For years, the tourism industry received a cut of the RTA's hotel taxes. The transit agency says the arrangement has impeded its efforts to improve service.

The New Orleans Regional Transit Authority and the Ernest N. Morial Convention Center appear to be preparing for a legal battle over a $31.8 million pot of money and roughly $7 million in recurring annual tax revenue. 

The controversy stems from a longtime arrangement that forces the Regional Transit Authority to hand over about half of its hotel tax revenues to the tourism industry every year — a portion of which went to the Convention Center.
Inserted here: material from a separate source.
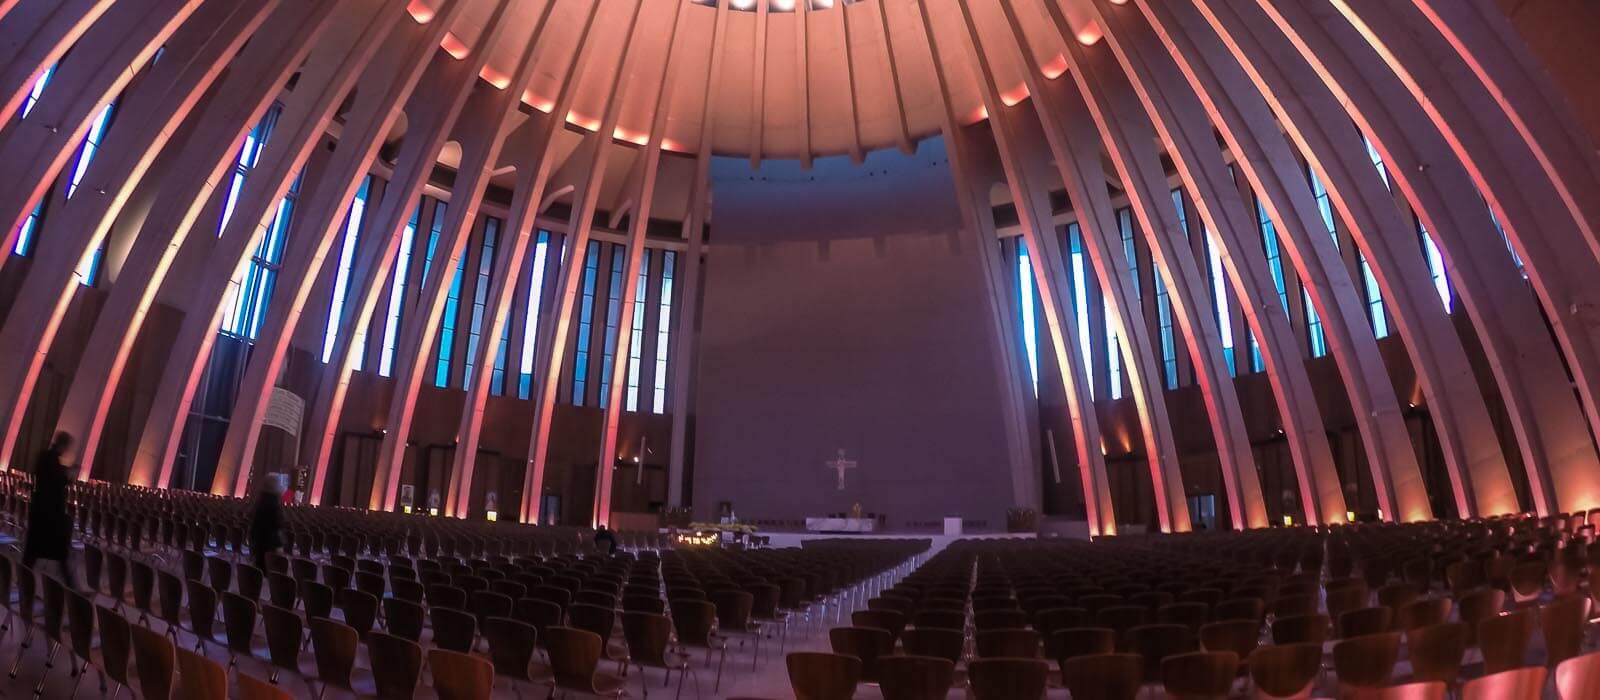 Świątynia Opatrzności Bożej. 11 powodów, dla których jest czymś więcej niż wyciskarką do cytryn

The RTA stopped honoring the agreement in February. 

At a Tuesday committee meeting, members of the Convention Center’s governing body, the Ernest N. Morial New Orleans Exhibition Hall Authority, entered an executive session to discuss potential litigation with the RTA. Executive sessions are closed to the public.

The full board has previously entered executive sessions at two other meetings this year, in April and June, to discuss “prospective litigation regarding the Regional Transit Authority’s continued legal obligations to contribute the agreed upon portion” of the hotel sales tax. 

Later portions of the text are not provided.